A structured settlement is a payment made to an injured person regularly, often monthly or yearly, during a period of years rather than an one-time payment when a case gets completed. Settlements like these generally are the result of wrongful death, personal injury, or medical malpractice claims. For the recipient of structured settlement payments, who’re often referred to as annuitants, the preset payment schedule has numerous advantages and comes with a number of drawbacks. Once the person agrees to structured settlement payment arrangement or annuity, they are locked in it with regards to the timetable - they cannot change the structured settlement payment structure in any respect. Though the structured settlement may function in the short term, the illiquidity of the settlement payment schedule provides no flexibility as his or her financial needs change after some time.

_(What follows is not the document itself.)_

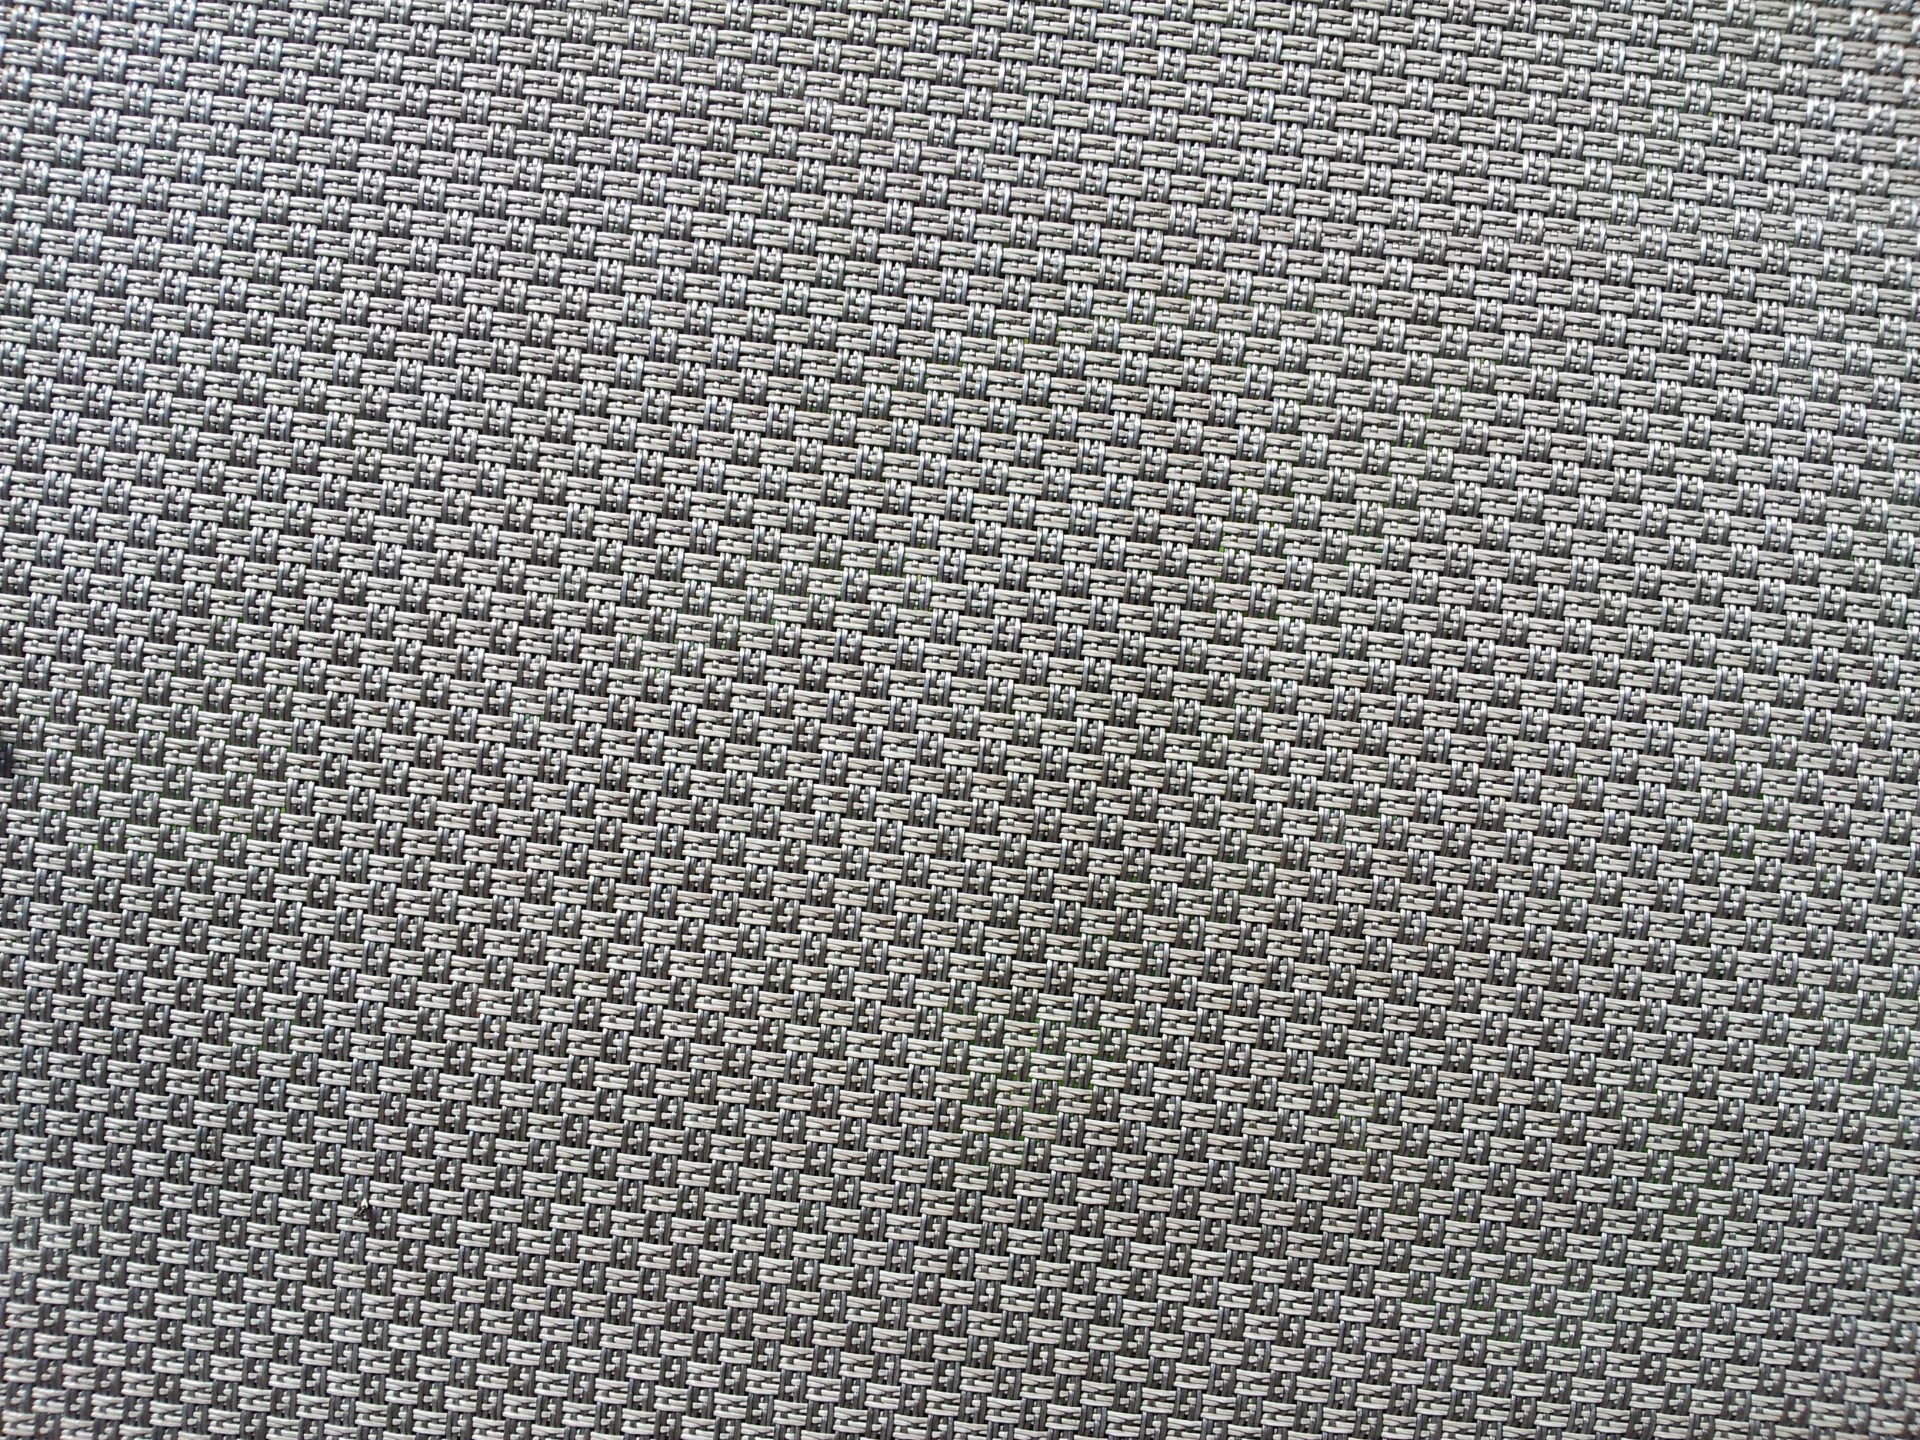 stainless steel net texture wallpaper background free photo

In recent times a number of companies have come into existence that can provide structured settlement payment recipients with a large lump sum in exchange for some or all of the annuity settlement payments. Basically, the structured settlement recipient who’s got an immediate need comes to an agreement with such companies to accept an one time payment right now rather than waiting around many years for the payments to become due under the structured settlement. The reasons a person wants to sell some or all of their structured settlement payments for immediate cash vary greatly.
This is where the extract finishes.